Потом столбы пламени и искр стали слишком большими для этого эпизода постановки, и Глиццерин, плюнув на все скрещенные пальцы, ринулся на сцену, пока остальные таращили глаза.
Пробиваясь через клубы разнообразного дыма – сценического, дыма от искр, подпаленного потолка и светопарта, пиротехник выскочил на сцену и начал выключать механизмы.
Зрители ничего не заметили – дым уж слишком загустел.
Вообще, зрительный зал, особенно, если смотреть со сцены, превратился в настоящий рай для дымного наркомана, если такие вообще существовали. Тоненькие струйки цеплялись друг за друга и складывались в непроходимое полотно гипер-дыма, которое все разрасталось и разрасталось.
Когда начали биться лампочки, Глиццерин был уже у края сцены.
А вот теперь пора вернуться к застывшему кадру и разморозить его, хорошенько подогрев.
Светопарат, летящий над сценой, приземлился прямо на макушку Пшикса – тот успел схватить его и спасти от смерти.
Пиротехник даже не понял, что он поймал. Глиццерин просто вцепился одной рукой в этот неопознанный упавший объект, а второй нащупал люк, ведущий под сцену, и нырнул во мрак.
Мрак этот не оказался таким уж мрачным, вопреки всей логике.
Под сценой вспыхивали огоньки, мерцали искры, и техника постепенно выходила из строя, бешено шебурша, как налакавшийся алкоголя кот, которого заперли в переносном домике для домашних любимцев.
Пробираясь через клубы дыма, что пытались захватить и эту территорию, Глиццерин, обжигаясь пиротехническими искрами, нащупал рычаг и со всей силы дернул.
Перенасыщенная магическими потоками техника отключилась – но перед этим успела прыснуть последним потоком искр.
Помещение под сценой вновь поместились в колючий и словно бы резиновый мрак, через который сочилось слишком много дыма
Пинь-пон-пиньг-понг!
Оказывается, что жизнь рождается именно с таким звуком. И никаких фанфар, ангельских песнопений и прочего – все просто и как-то даже, что ли, безвкусно.

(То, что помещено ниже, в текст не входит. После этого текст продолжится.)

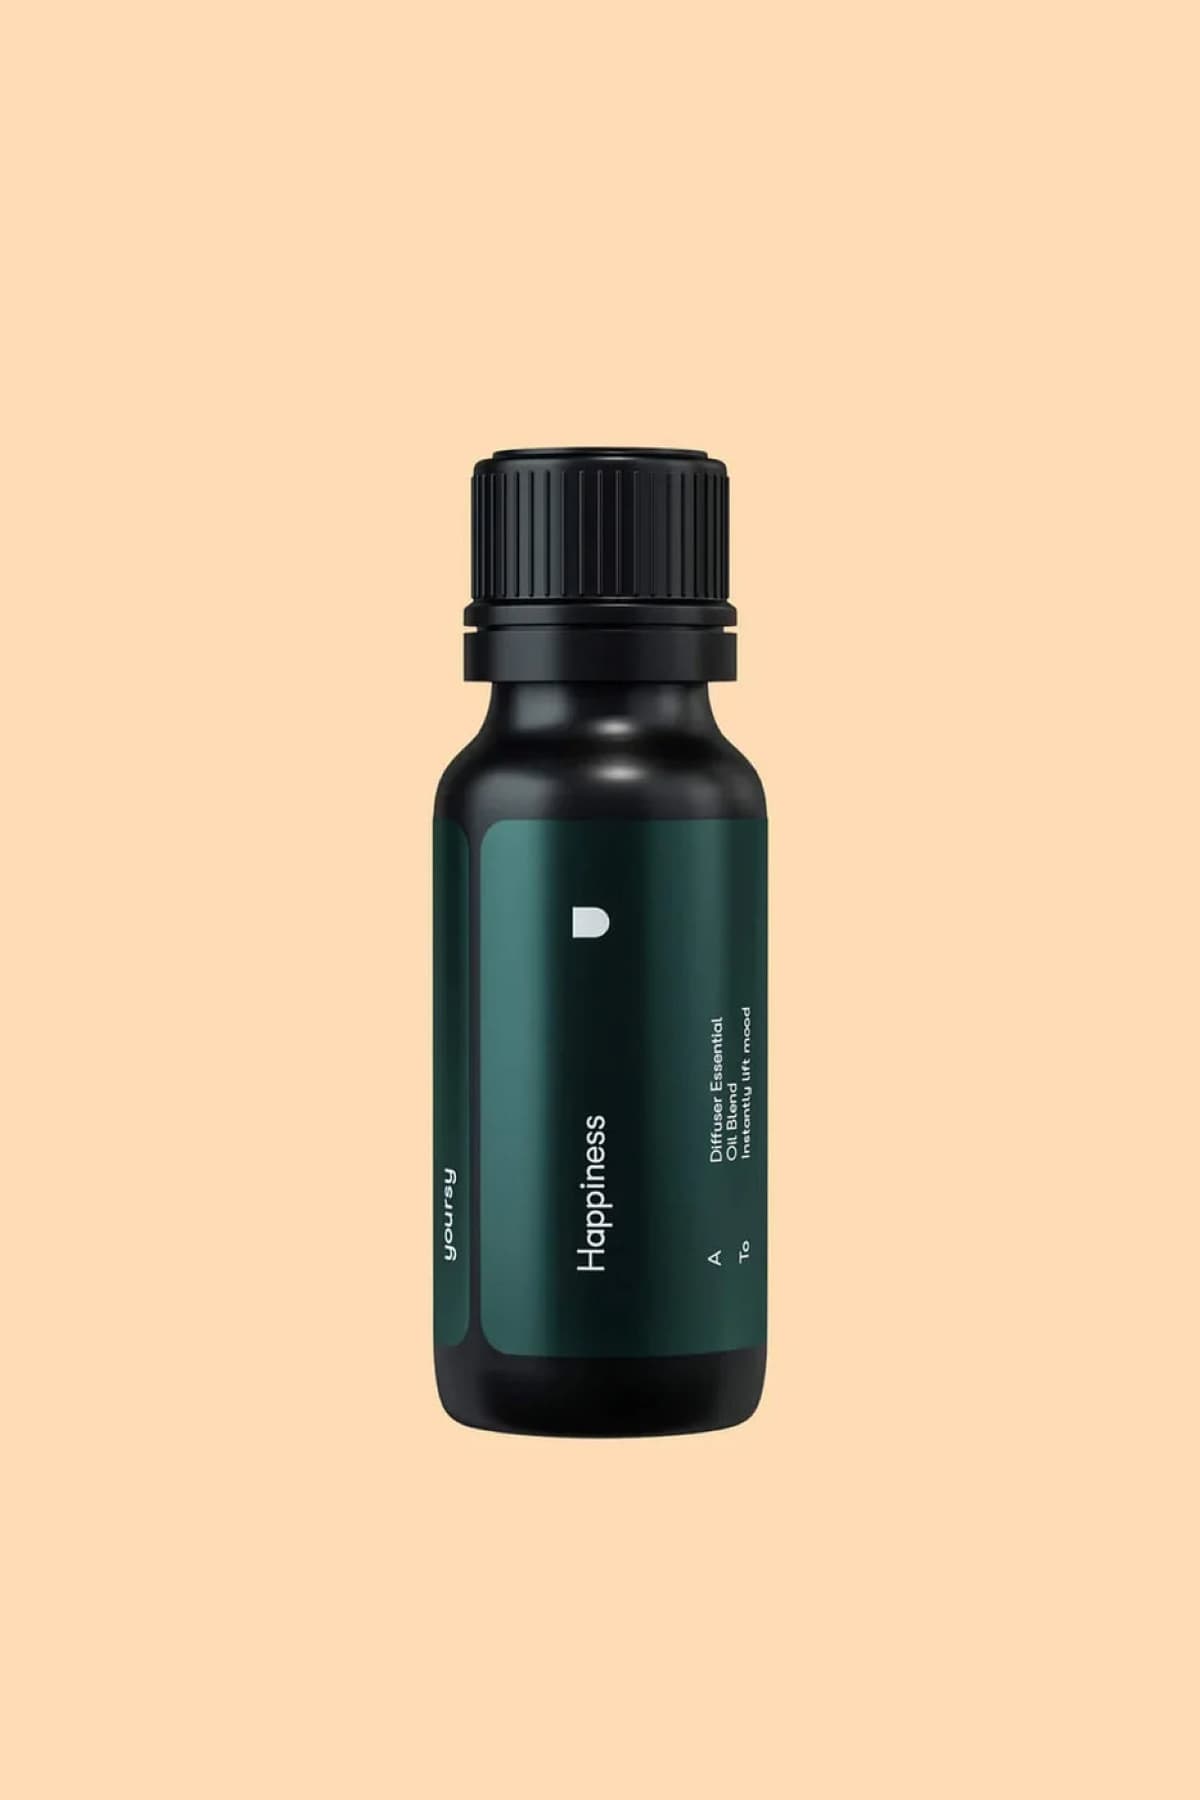 Happiness Diffuser Essential Oil Blend - Diffuser Oil

Потом от жизни ожидаются первые слова, или хотя бы звуки – все творцы напрягаются и готовятся либо к тоненькому голоску, либо к философским речам только что рожденной сущности, сознание которой пылает просвещением.

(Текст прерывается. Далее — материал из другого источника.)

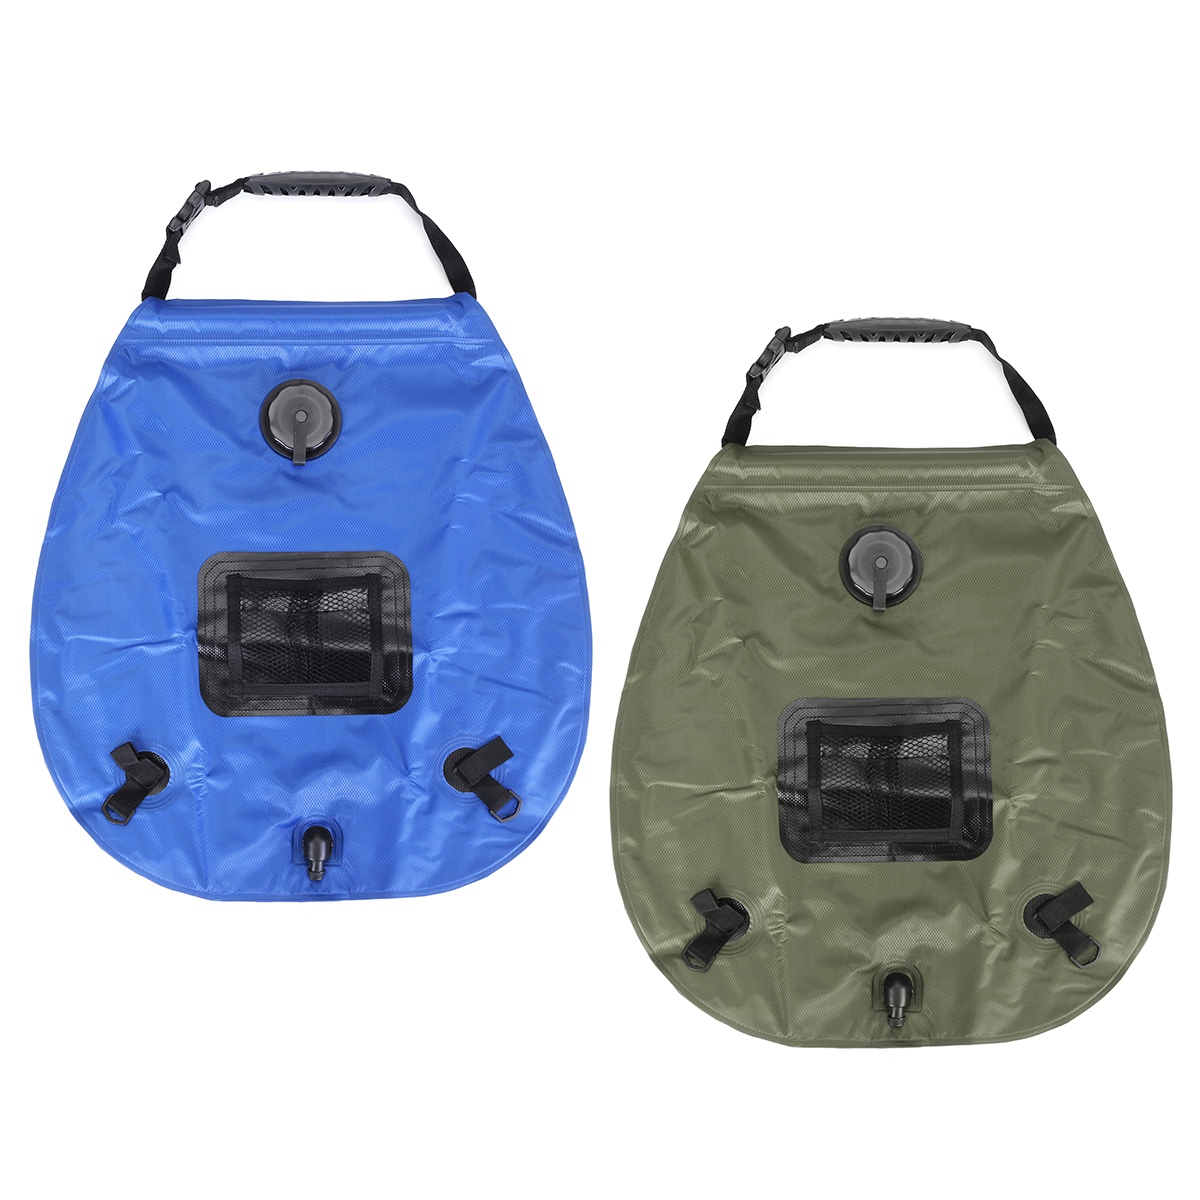 20L-Foldable-Portable-Water-Shower-Bathing-Bag-Solar-Energy-Heated-PVC-Outdoor-Travel-Camping-1724741-10

Но первые слова жизни оказались не столь поэтичным. Скорее даже абсолютно антипоэтичными.
Звучали они как-то так:
– Ядрить переколотить, тарахтить! Что-чего-почему?
Притом все это – прокуренным басом.
Зрительный зал переставал гудеть. Гости зааплодировали – ну и что, что спецэффекты вышли из строя, засыпав осколками пару-другую человек? Зато получилось эффектно и красиво, как и обещала программка.

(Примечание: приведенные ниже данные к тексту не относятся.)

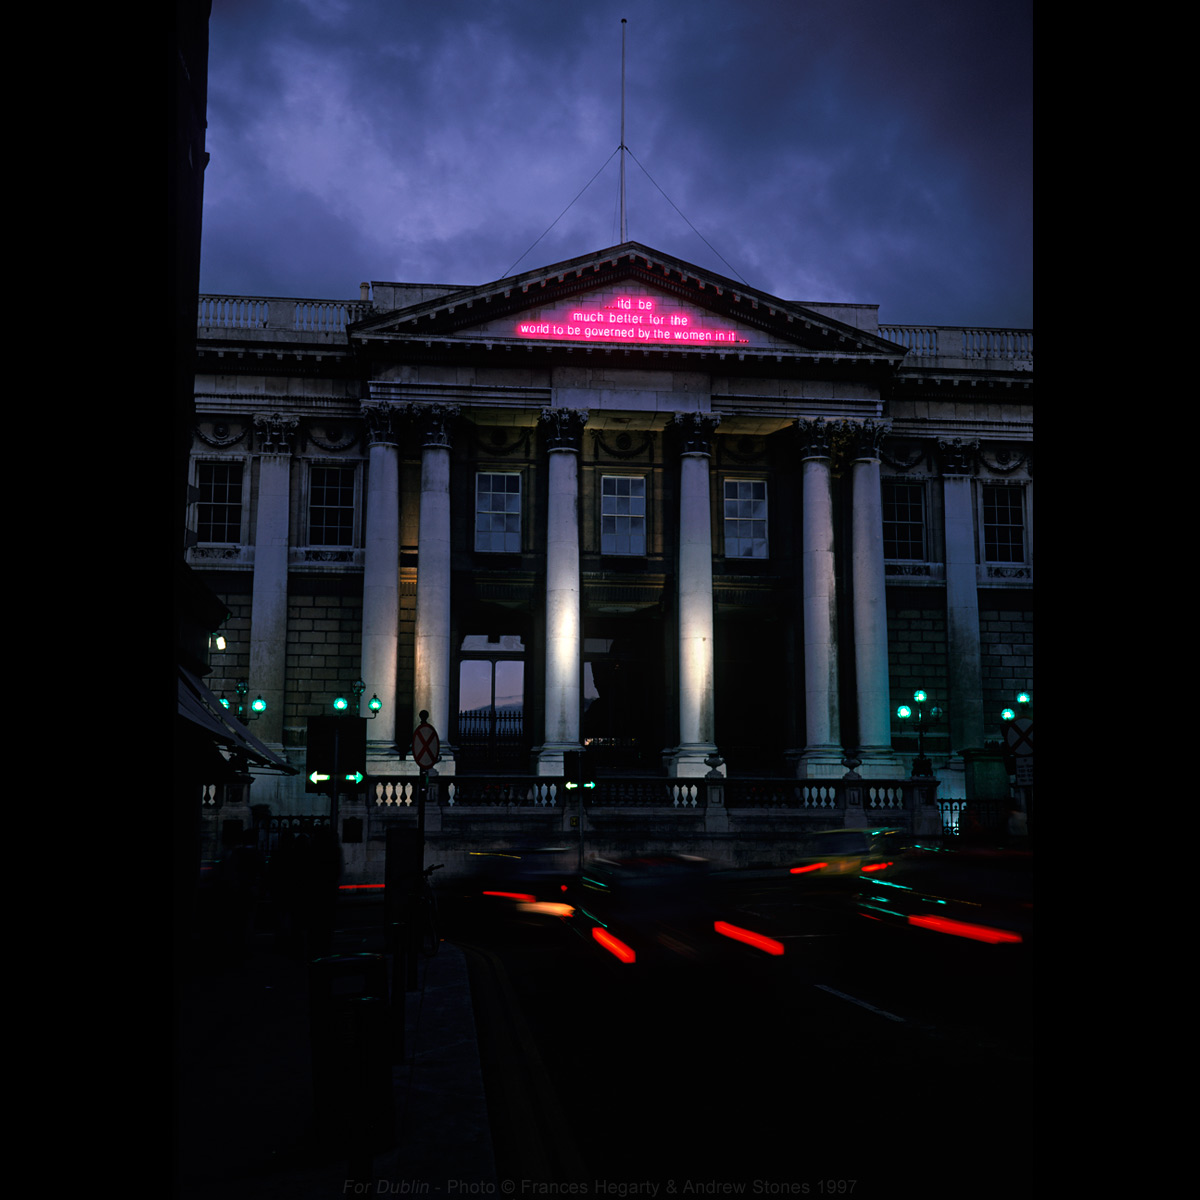 Hegarty & Stones - 'For Dublin' 1997 - nine manifestations in neon of James Joyce's Molly Bloom. View 2 of 14, City Hall, Parliament Street

В углах зала и на сцене замаячили магические аномалии, полупрозрачным полотном колеблющимися в пространстве. Эти существа напоминали синеватых призраков из магии, которые мрачно глазели в пустоту и колыхались на месте. Но никто не кричал от ужаса и не разбегался в стороны.
Если полтергейст в доме – это паника для всей семьи и очередной сюжет для фильма ужасов, то внезапно возникшая магическая аномалия – как моль в шкафу.
Эти существа возникали тогда, когда в пространстве образовывался избыток нестабильности – и она, смешиваясь со стабильностью, превращалась в лишнюю магию, которая формировалась в аномалии. Такое происходило просто так – иногда, в углу любого дома могла появиться аномалия. Просто какие-то изменения на природном уровне, ничего особенного. Но чаще, конечно, магические аномалии возникали в кабинетах алхимиков и волшебников – уж там-то излишня магия постоянно скапливалась. Или, при сбоях в приборах, которые тоже работали благодаря магии. Ну, и при разного рода катастрофах, но это редкость.
Избавиться от этих магических аномалий просто – достаточно использовать эту избыточную магию. Волшебники, например, зажигали обычный магический огонек, и аномалия исчезала. А алхимики пускали магию, из которой состоит аномалия, в свои опыты разного характера…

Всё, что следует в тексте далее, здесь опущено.